• _Exercise_
The expected result is an exact restatement of the data, free of pictures.

• _Exercise data_
○ ○ ○ ○ ○
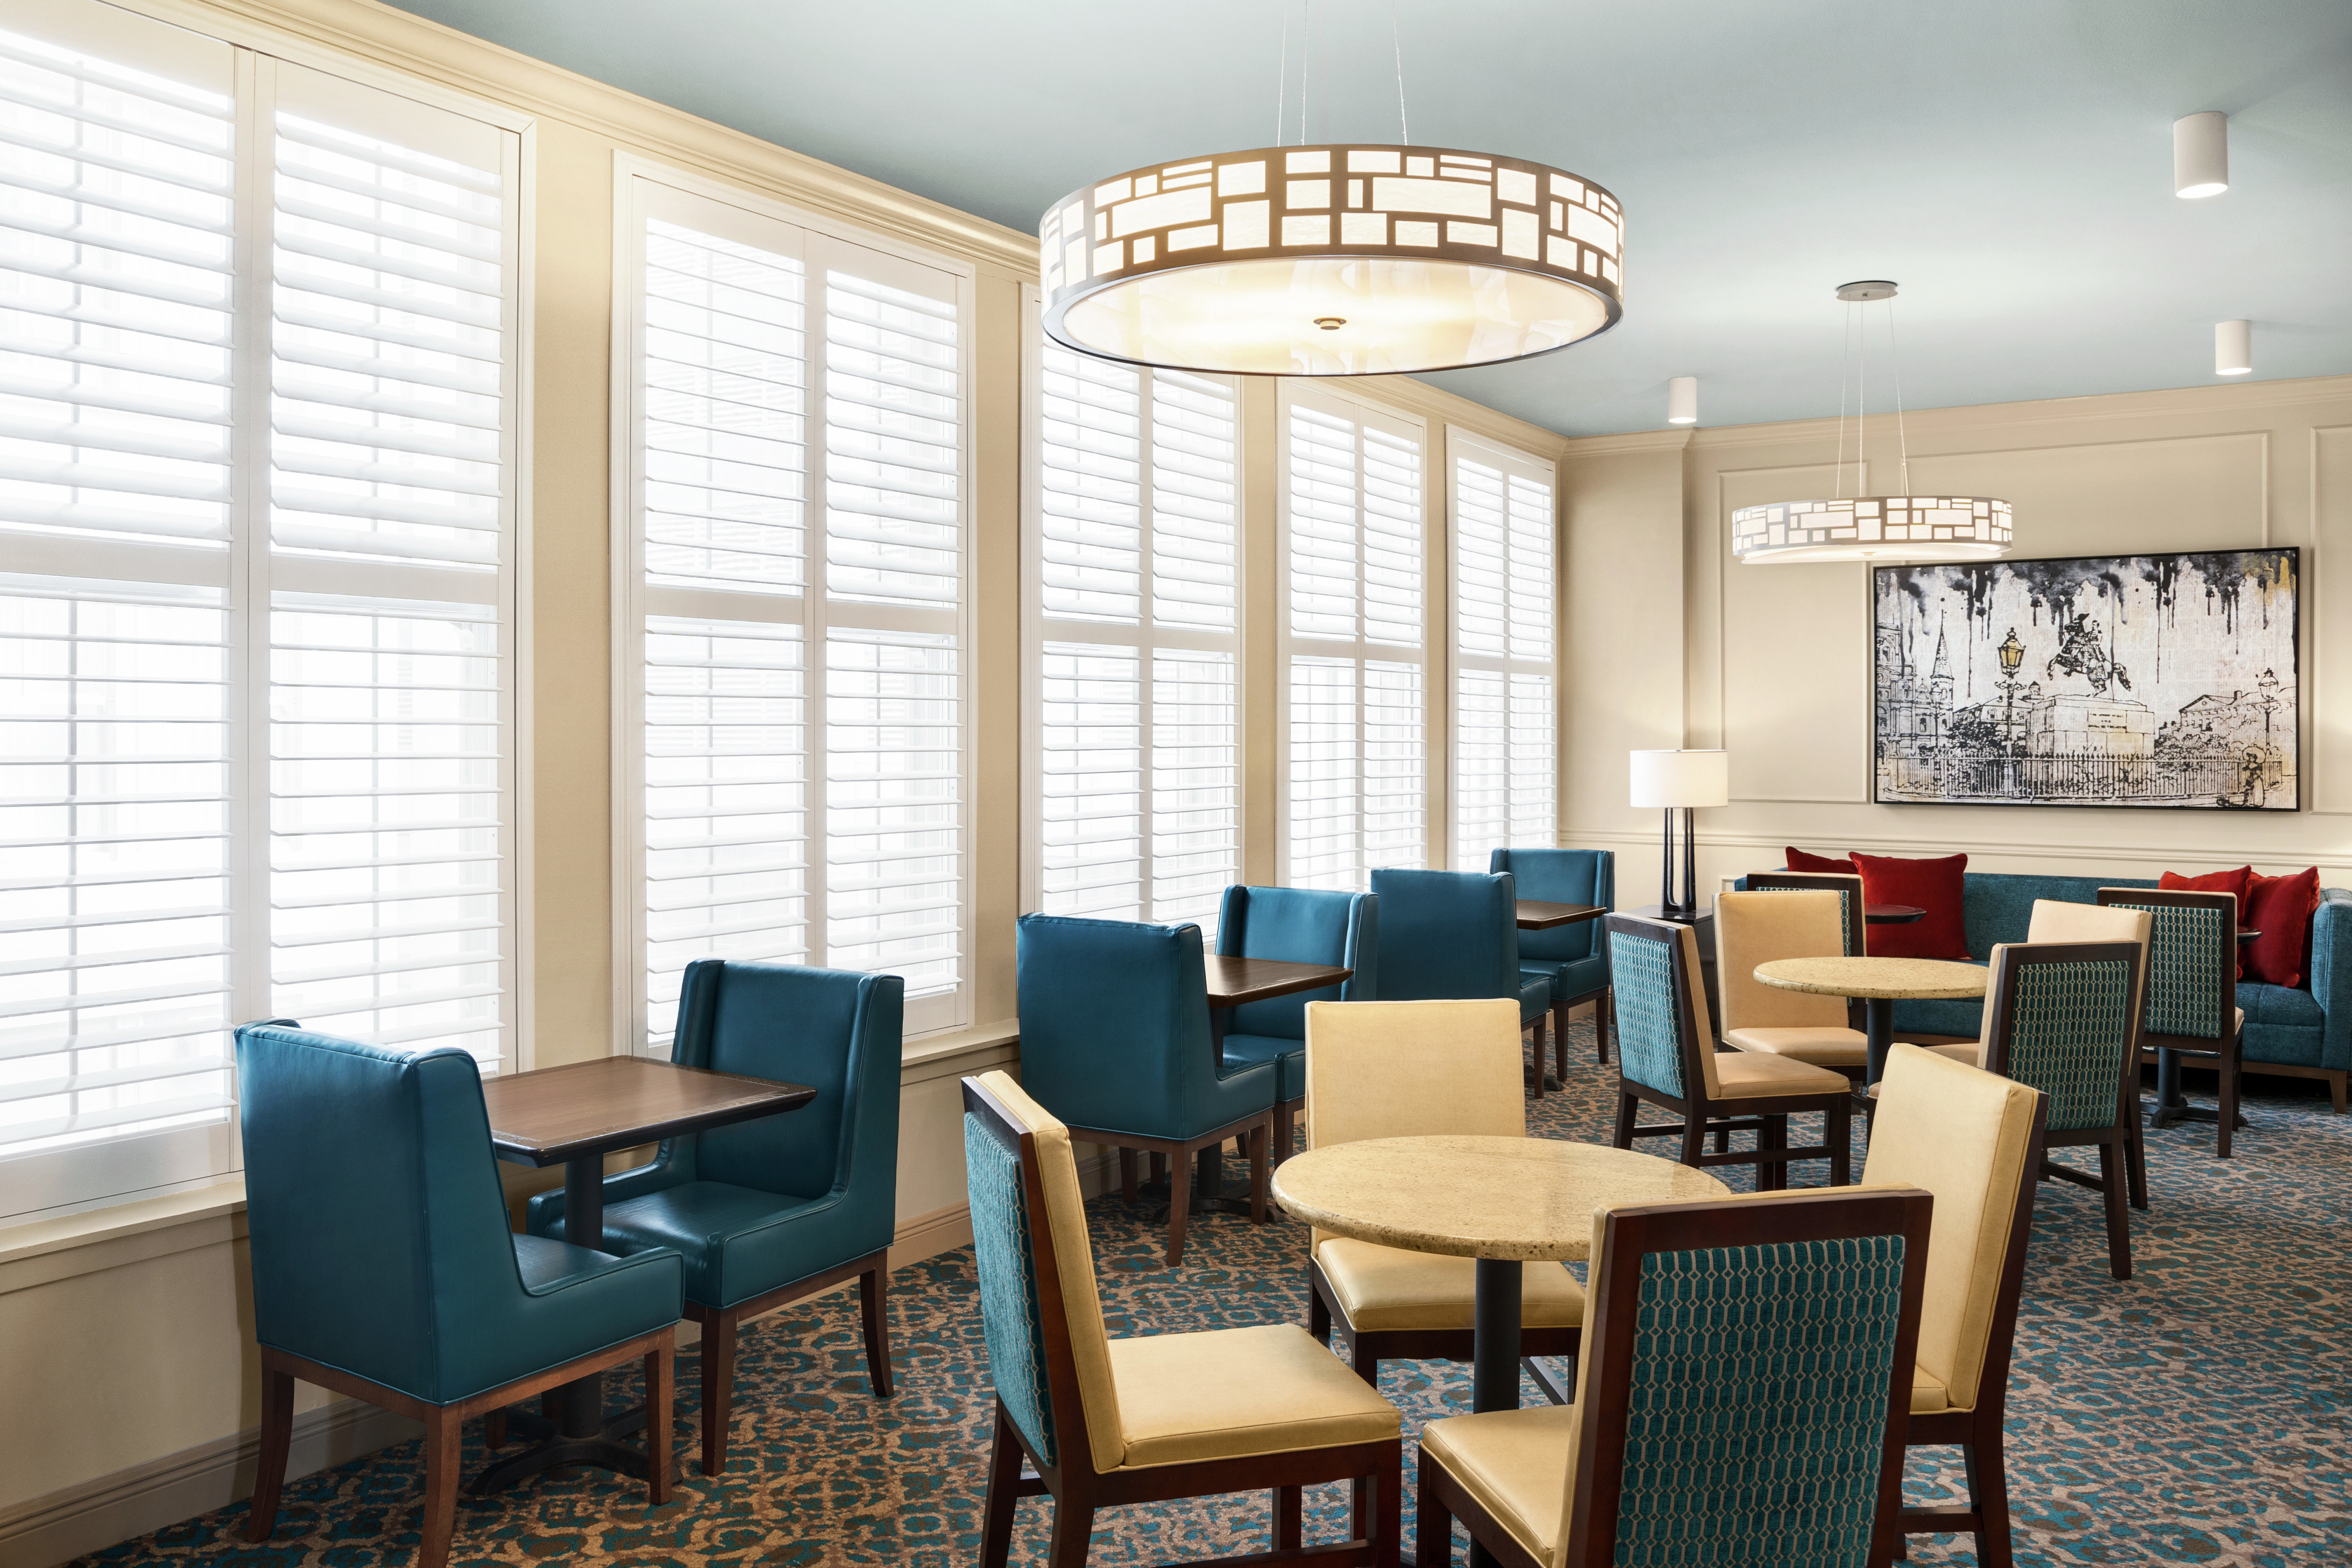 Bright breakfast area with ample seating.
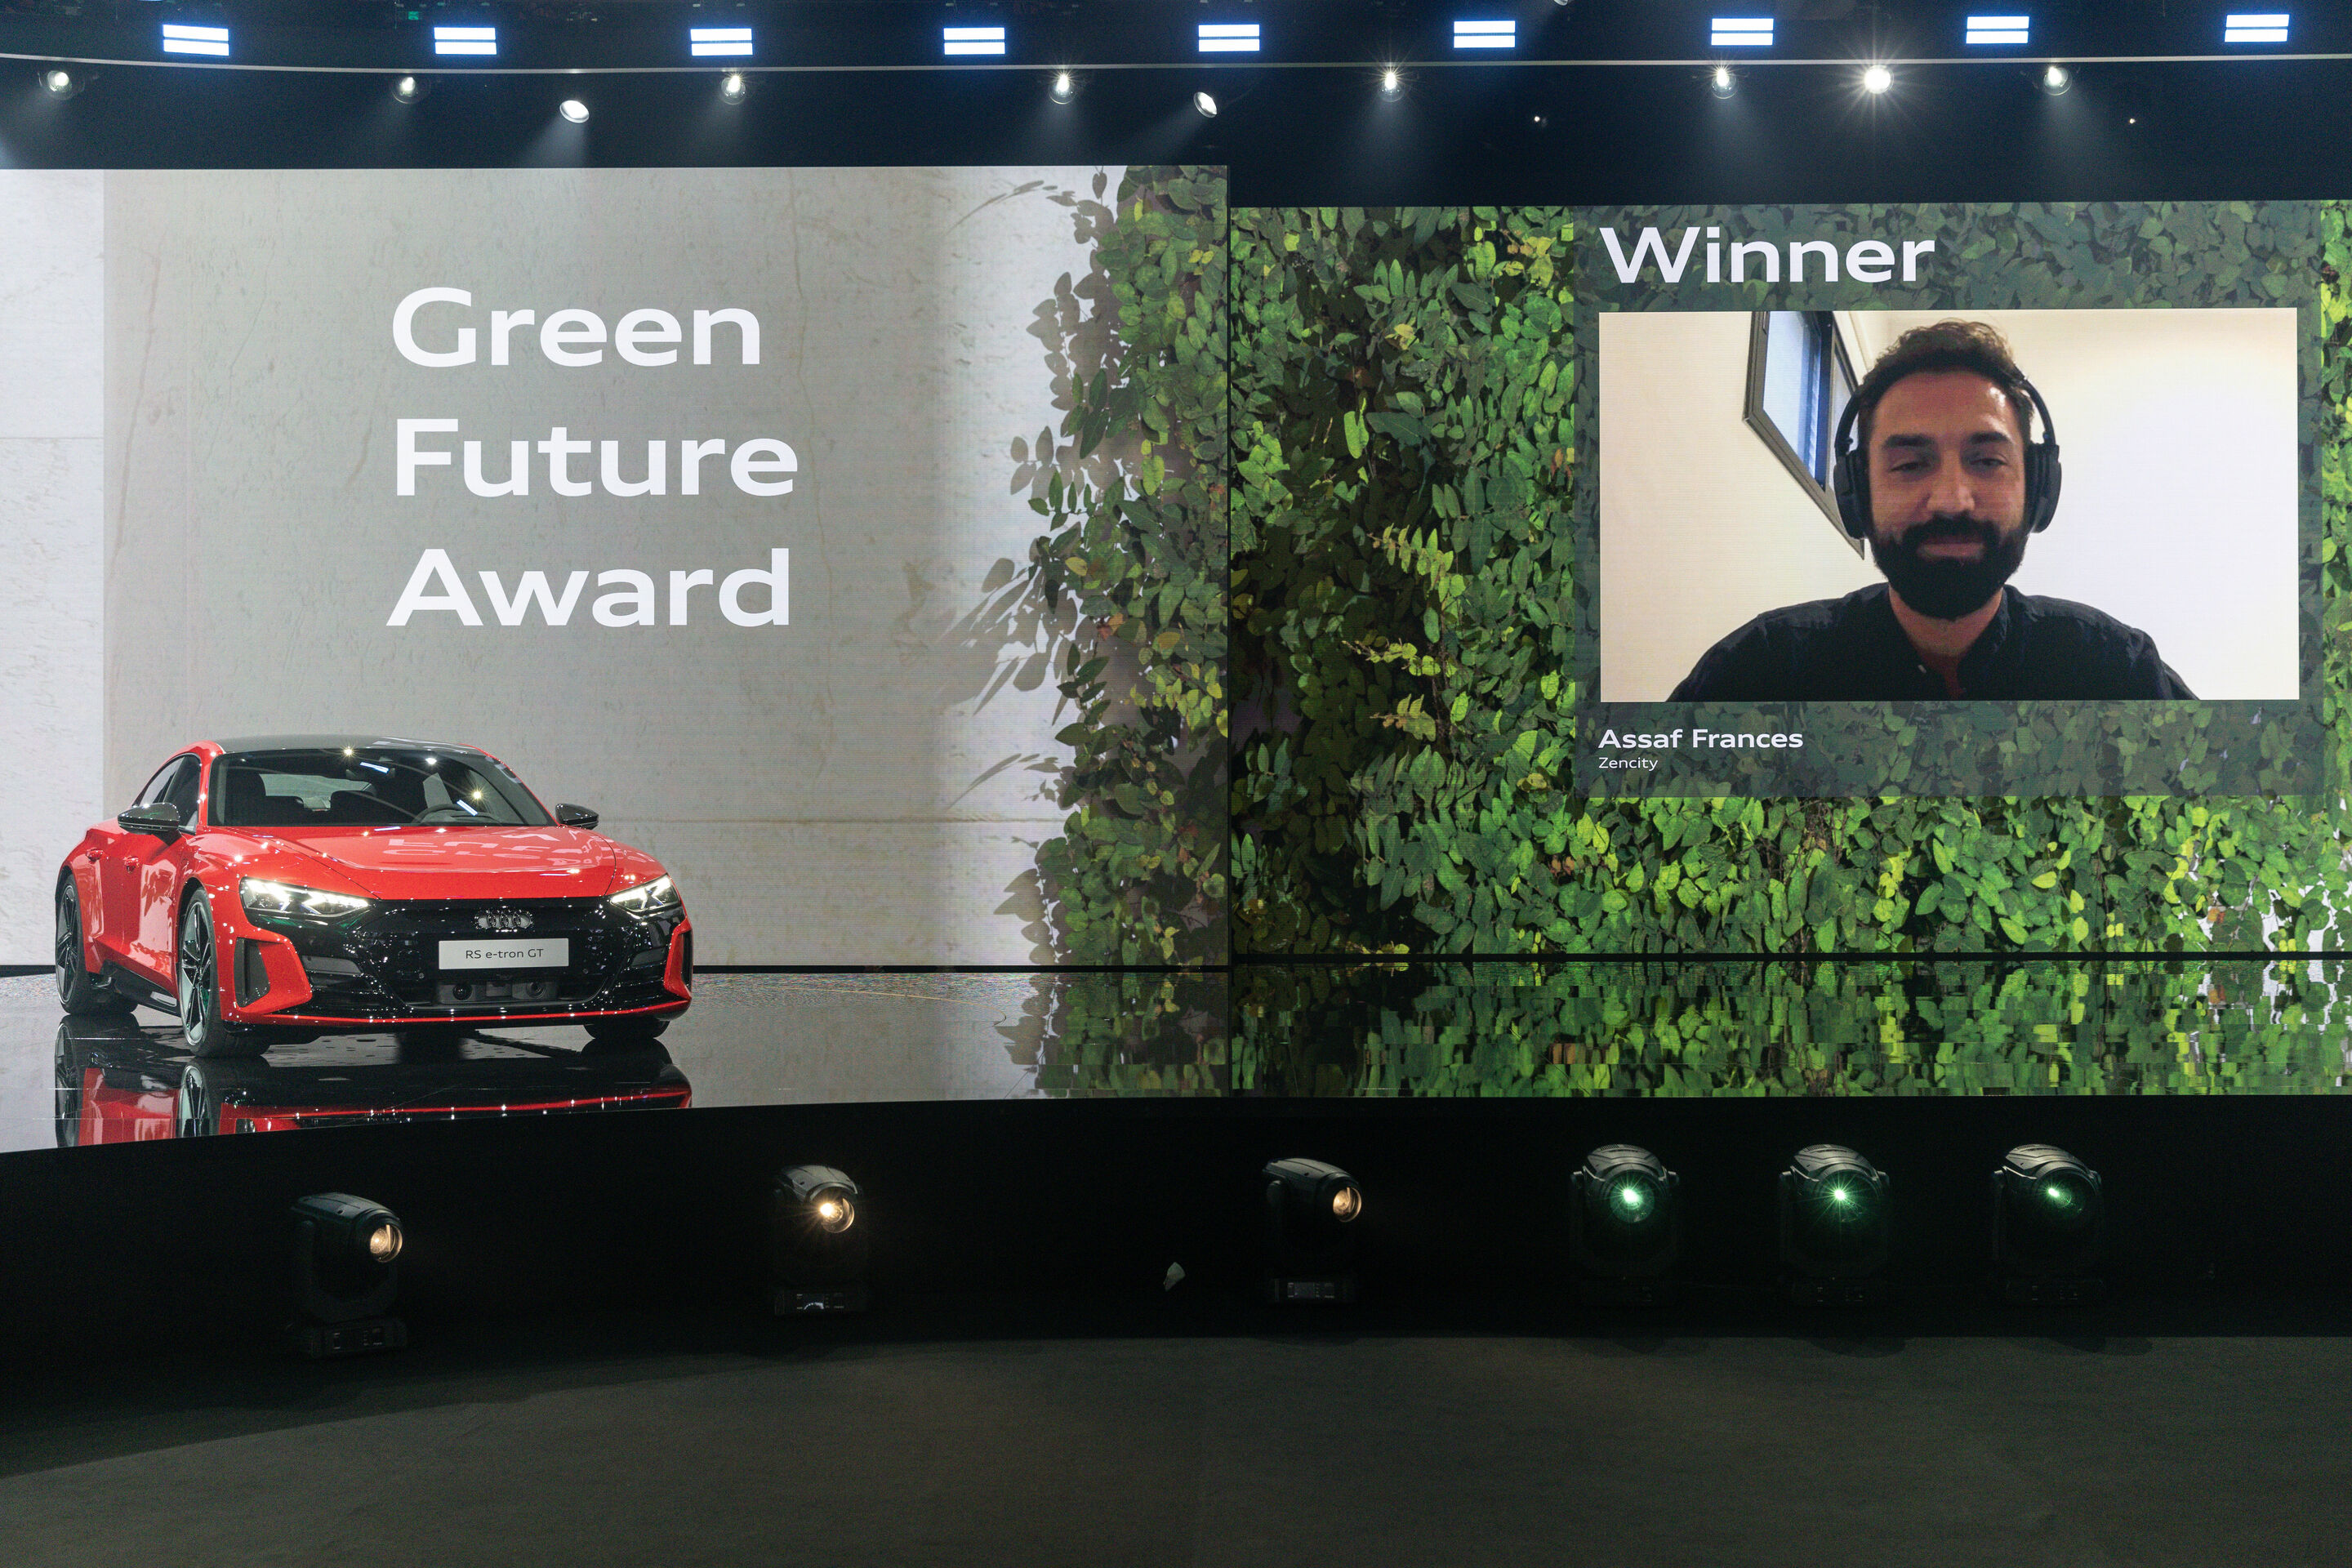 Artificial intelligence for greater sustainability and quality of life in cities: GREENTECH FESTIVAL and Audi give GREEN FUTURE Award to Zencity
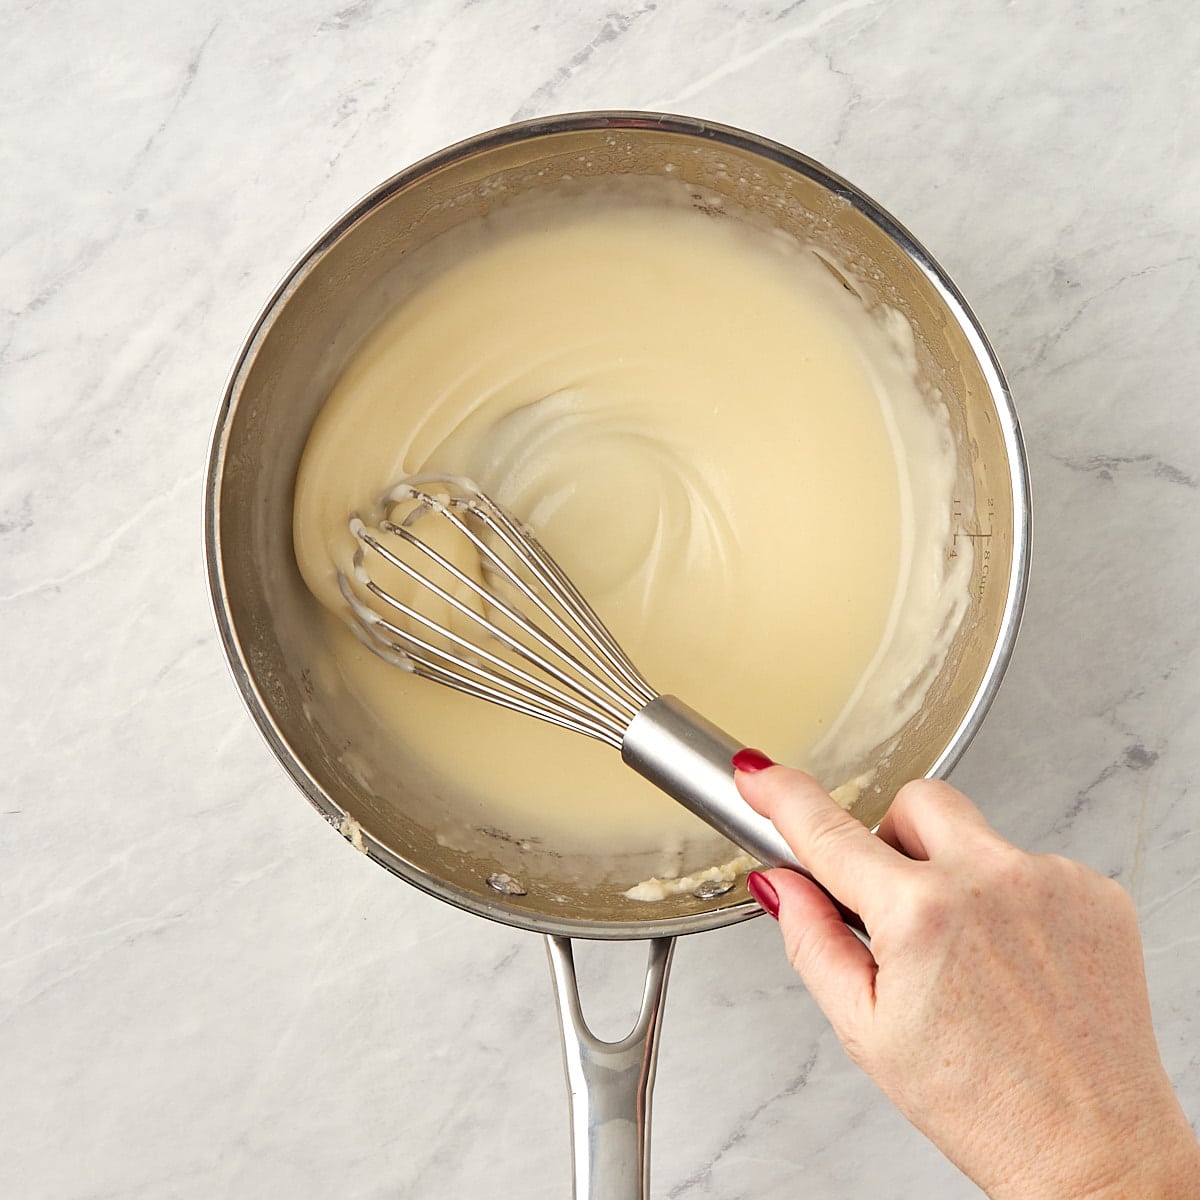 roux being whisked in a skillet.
○ ○ ○ ○ ○
• _Task response_
 Bright breakfast area with ample seating.
 Artificial intelligence for greater sustainability and quality of life in cities: GREENTECH FESTIVAL and Audi give GREEN FUTURE Award to Zencity
 roux being whisked in a skillet.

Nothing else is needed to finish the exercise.